The secondary outcome was the functional outcome 6 months after stroke, which was assessed using mRS scores. The scores were dichotomized into 2 groups: good outcome (0-2) vs poor outcome (3-6). Logistic regression models were applied to assess the association between trajectory groups and functional recovery while adjusting for covariates. Multicollinearity was assessed between all covariates using the variance inflation factor, and any covariates with a value exceeding 5 were excluded. All covariates were selected based on clinical reasoning and were included in the models without any predetermined variable selection. Subgroup analyses were also conducted by exploring the interaction effects between each specific subgroup and trajectory group in the logistic regression models. Odds ratios (ORs) for subgroup-specific associations and 99% CIs were reported.

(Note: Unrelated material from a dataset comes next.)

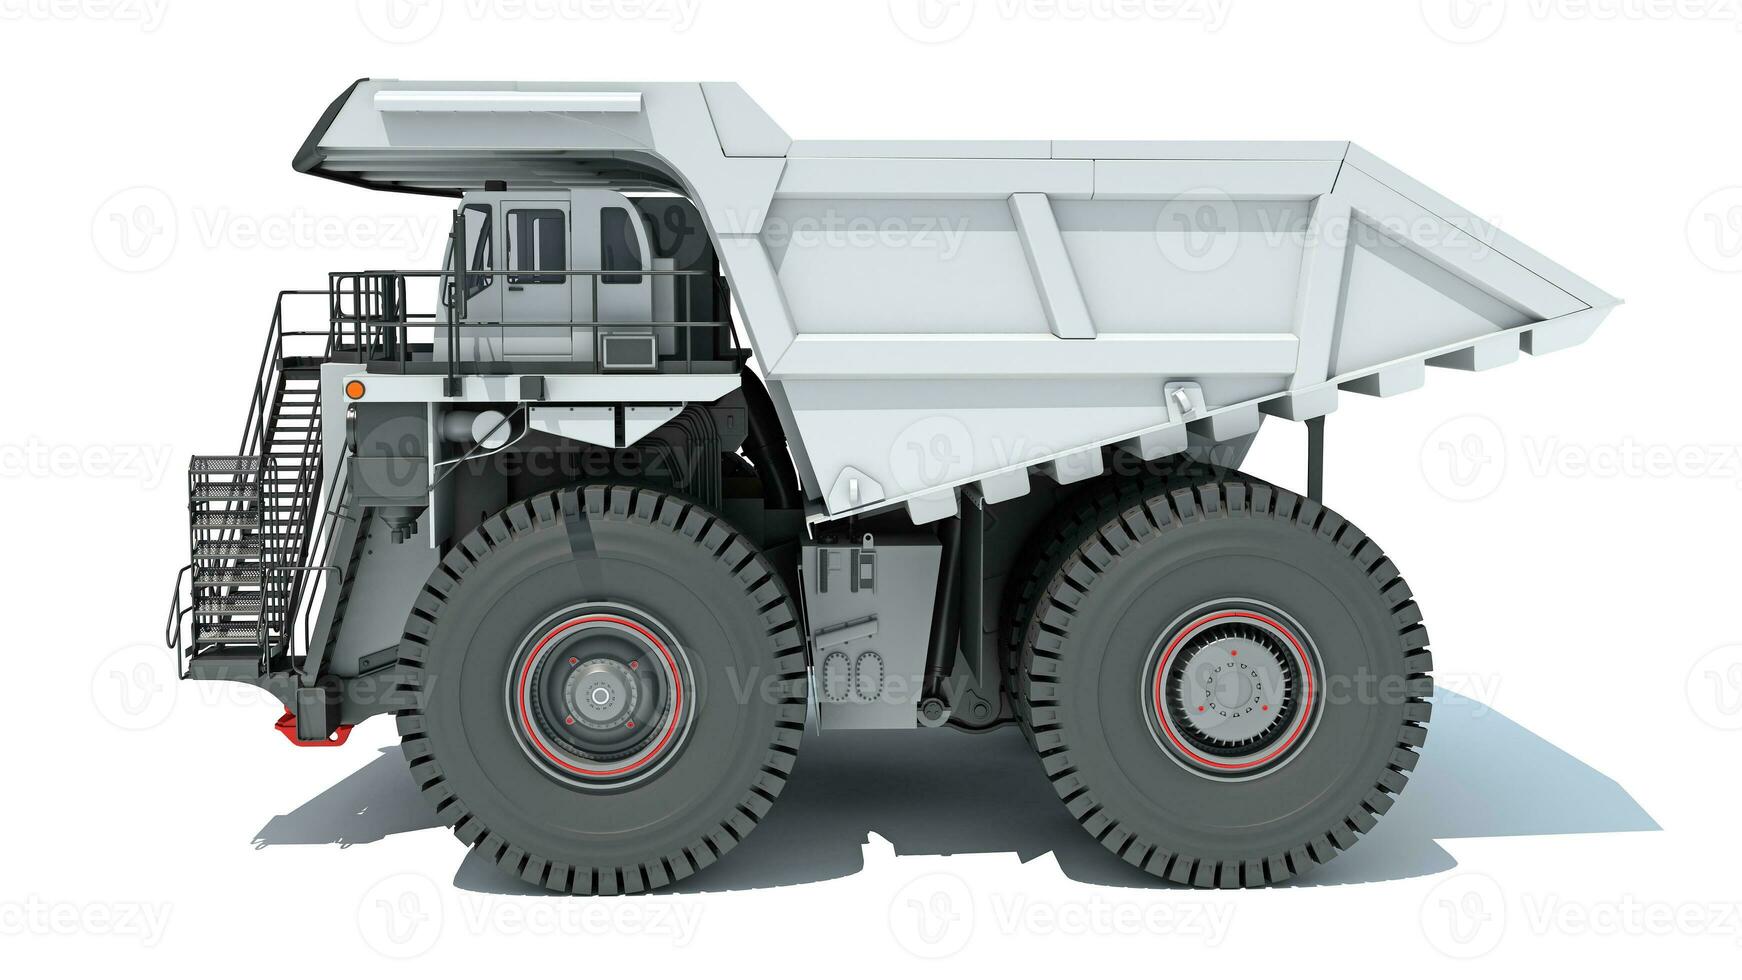 Bergbau Dump LKW schwer Konstruktion Maschinen 3d Rendern auf Weiß Hintergrund foto

All statistical tests were 2-sided, and the significance threshold was P < .01 to avoid a type 1 error due to multiple comparisons. Statistical analyses were performed between August 15 and October 28, 2022, using SAS, version 9.4 and the Proc Traj plug-in (SAS Institute Inc), for group-based trajectory modeling.²⁶

We performed a sensitivity analysis by calculating the E-value for unmeasured confounding. The E-value indicates the minimum strength of the association an unmeasured confounder would need to have with both the outcome and the exposure to fully explain the observed association.²⁸

Results

Of the 1497 included participants with stroke at baseline, 46 died within 6 months. After excluding those who withdrew (n = 11) or were lost to follow-up (n = 119), the longitudinal study sample comprised 1367 participants with 5146 assessments (eFigure 1 in Supplement 1). The participants had a median (IQR) age of 72 (65-79) years and included 523 females (38%) and 844 males (62%) (Table 1). The excluded individuals were older (median [IQR] age, 77 [69-82] years; P < .001); however, there were no significant differences in sex, stroke type, or stroke severity.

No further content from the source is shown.